The Tao of Steve

Improving on a proven method for getting chicks.

WITH PERFECT TIMING, this amiable little Sundance favorite arrives here just as Seattle Weekly is examining why guys are increasingly having issues with their bodies. (See feature story, page 26.) Tao‘s friendly lunk of a hero, Dexter, is like a relaxed antithesis to this anxiety-ridden, narcissistic trend. A shabby, tubby Don Juan with a proven philosophy for landing hotties, he doesn’t care what he looks like but he knows how to listen. Women are improbably drawn to Dex as a result—thanks also to the considerable charisma of Donal Logue (the chatterbox Boston cabbie in those old MTV segments, also currently on view in The Patriot and The Opportunists).


THE TAO OF STEVE

directed by Jenniphr Goodman

with Donal Logue and Greer Goodman

opens August 11 at Harvard Exit


We meet Dex at his 10th college reunion in Santa Fe, where he still lives the slacker postgrad existence, toking up in the morning before his job as a preschool teacher and sharing a house with a bunch of other Frisbee golf-playing guys. Mingling with old classmates, he spies Syd (Greer Goodman), a babe of a set designer whose controlled, high-achiever demeanor couldn’t be more of a contrast with disheveled Dex. There’s your plot, in the venerable tradition of romantic comedy: Mismatched opposites fall for each other, dragging their heels all the way. Naturally rivals, misunderstandings, setbacks, and a few sad moments come with the package—but you know where things are headed. The fresh, enjoyable parts are sage Dexter’s philosophy and the desert college-town setting, where Tibetan prayer flags hang over the adobe doorways. In its way, Tao is a Y2K update on the old Rock Hudson-Doris Day comedies of the ’50s—with sex, drugs, and Kierkegaard thrown into the mix.
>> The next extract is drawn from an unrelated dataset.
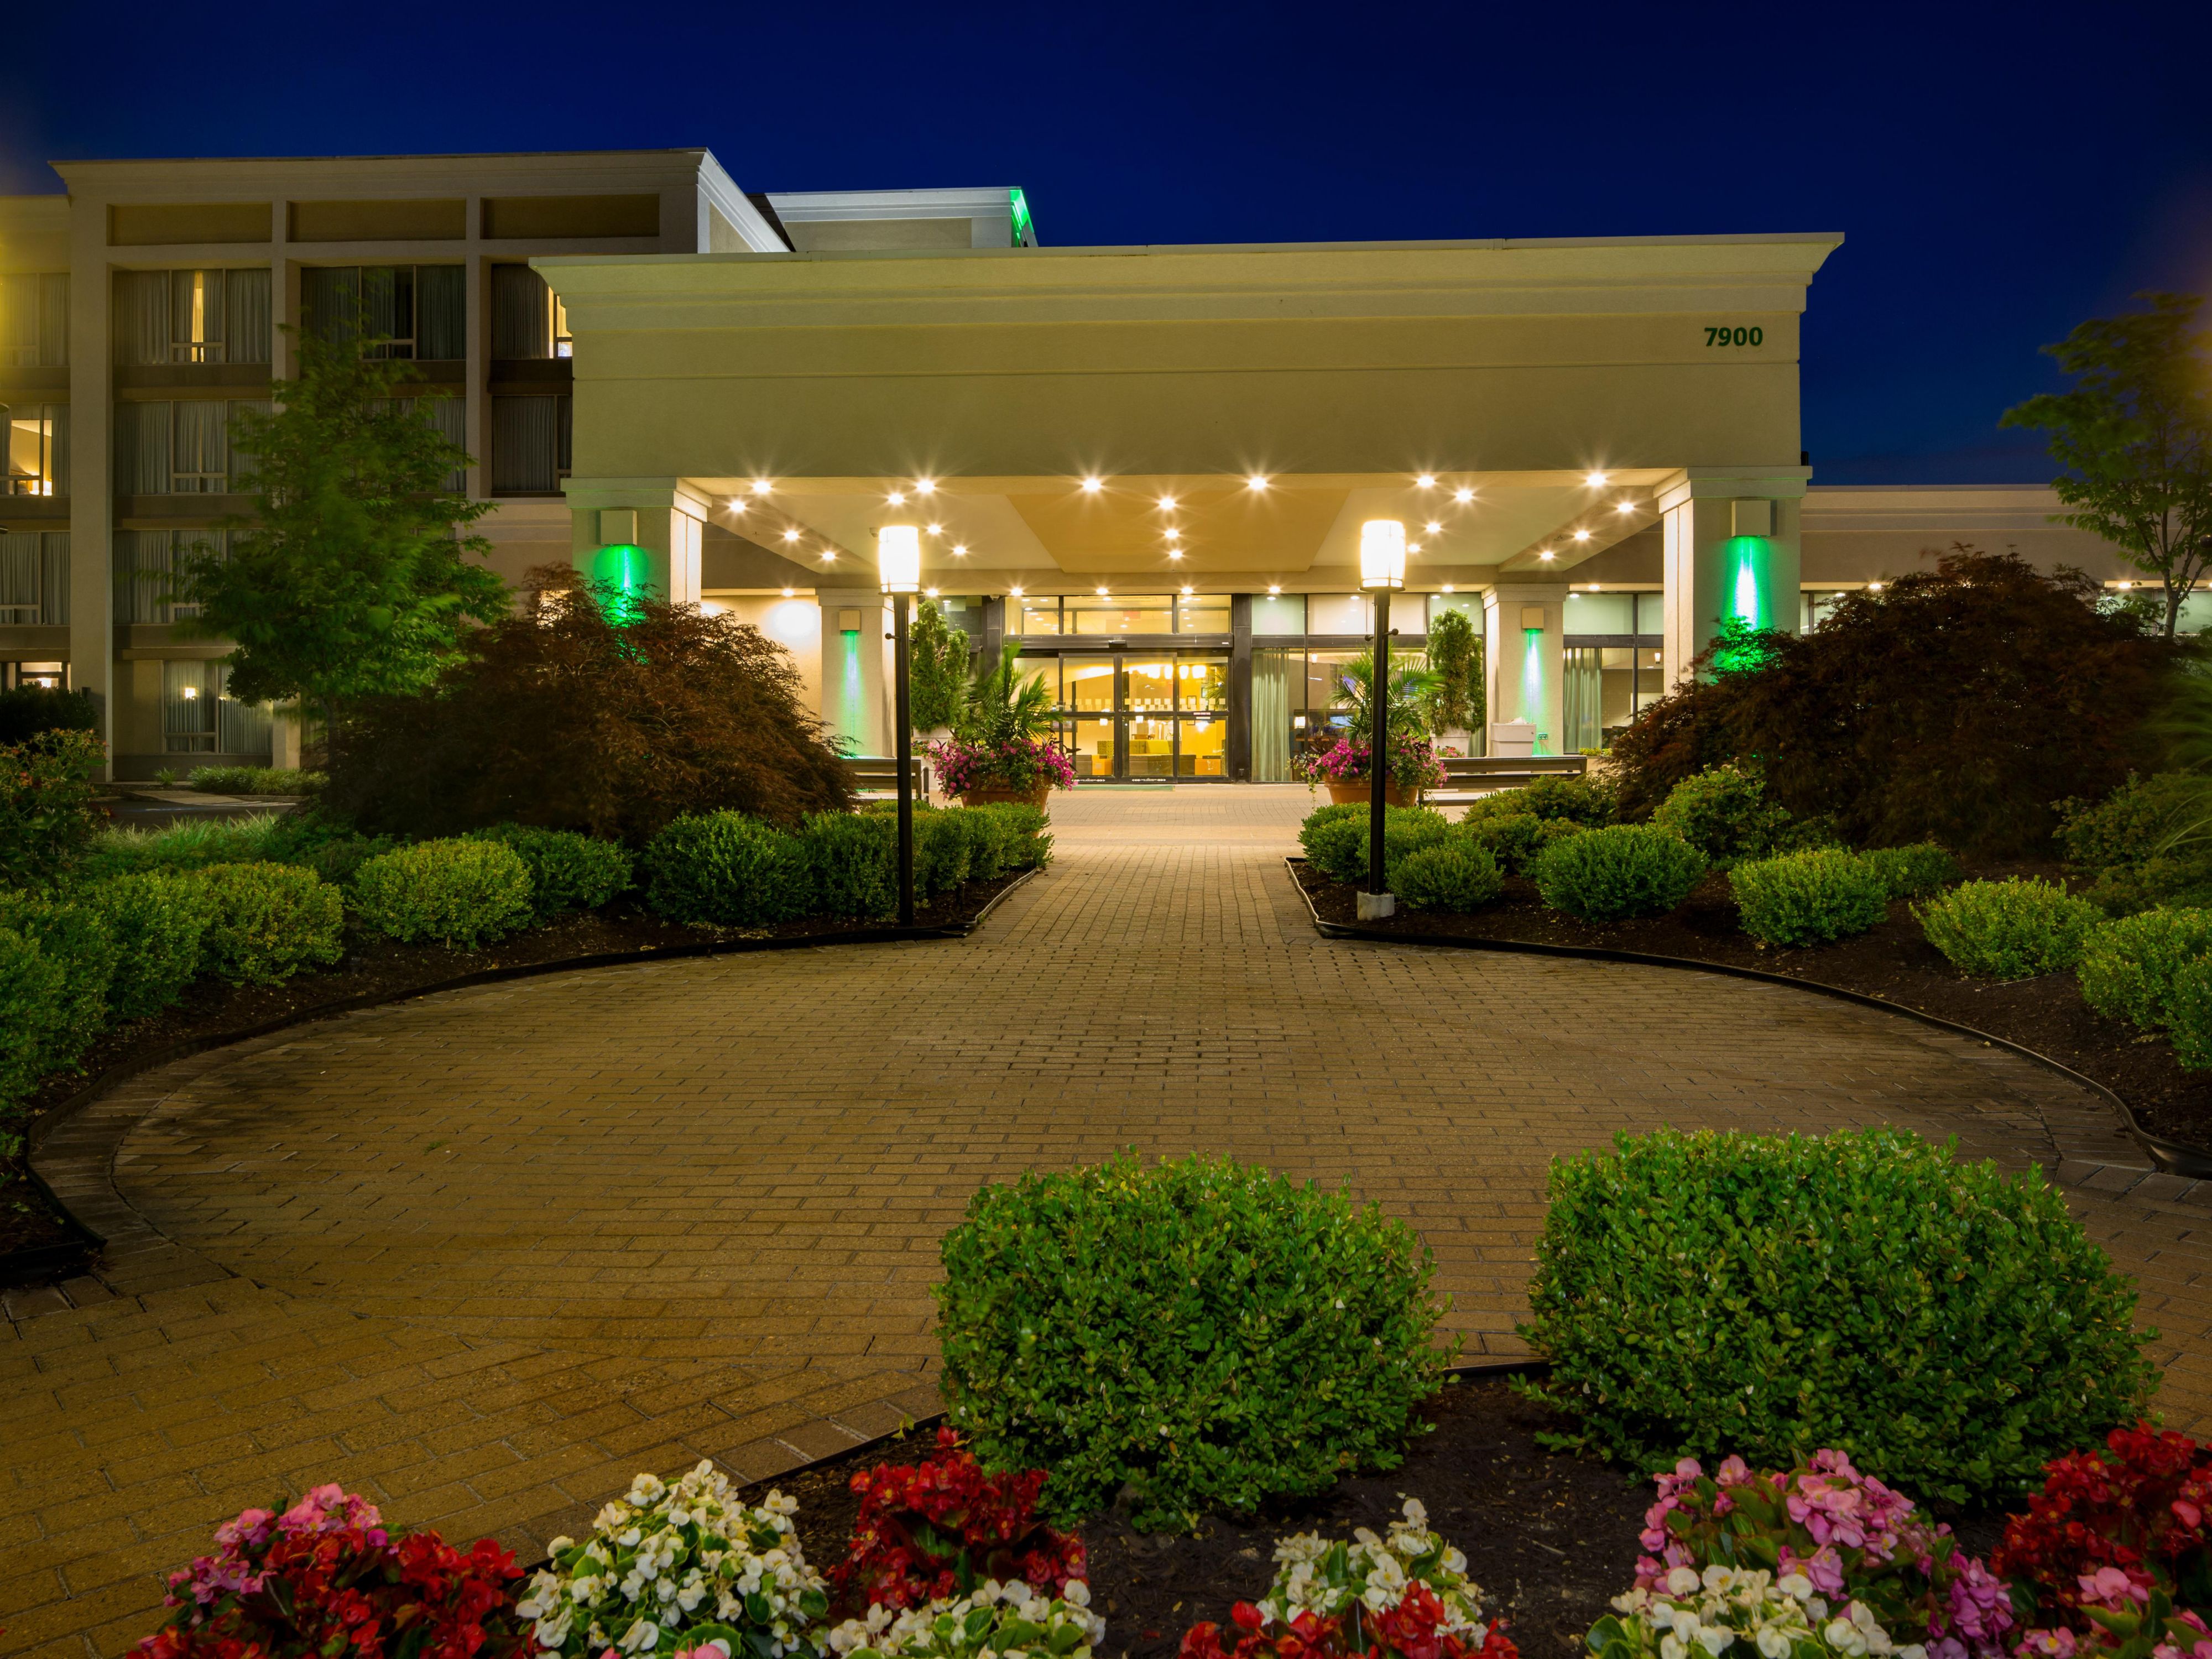 Never worry about finding a place to park when you stay at the Holiday Inn® Columbia East-Jessup. We offer complimentary guest parking and shuttle service to get around town. Stay connected with home and colleagues with free Wi-Fi. Check your emails, post photos on social media, and stream music. Do the things you like to do even when you travel.

Throughout the picture, Zen master Dex amusingly lectures a young housemate about the tao of Steve—which includes cultivating a Steve McQueen-like coolness. “You must learn to eliminate your desire,” Dex opines. That’s only rule one, and the fun of Tao is being a fellow pupil to his lessons. It’s also a terrific and natural date film that may have many distaff viewers nudging their companions in the ribs: See, see, you could learn from this guy!

Smitten with Syd, however, Dex does finally question his own methods and behavior, forcing a rather predictable identity crisis and resolution. The briskly engaging Tao is also too perky and precious in places, with a relentlessly upbeat score, but those are minor quibbles in an otherwise winningly likeable movie.

IN REAL LIFE, Tao‘s cowriter Duncan North was the inspiration for Dex, and he appeared with director Jenniphr Goodman at SIFF in June. “It started with us talking about men and women,” he explains of the script’s origin, describing how subsequent story conferences addressed issues of noncommunication between the sexes. What Goodman calls “the chasm” between the two is precisely where Dex shows his skills. “He’s self-absorbed,” says North, “and at the same time . . .”

“. . . a sensitive listener,” Goodman says, finishing the thought.

For North, bridging the gap between the sexes requires men to realize that “the shortest distance between two points is not a straight line in relationships.” Both he and Goodman emphasize the often circuitous conversational path of seduction—as opposed to the traditional linear male march to conquest—as being Dex’s real lesson. “It tells you what women are looking for,” says North of his decidedly unbuffed, unsculpted, unkempt onscreen double. “Most men think conversation is just dead time between sex and football,” he continues. “Most guys see the complexity of women as this big pain in the ass thing, whereas for Dex, the fact that women are complex is what makes his life possible.”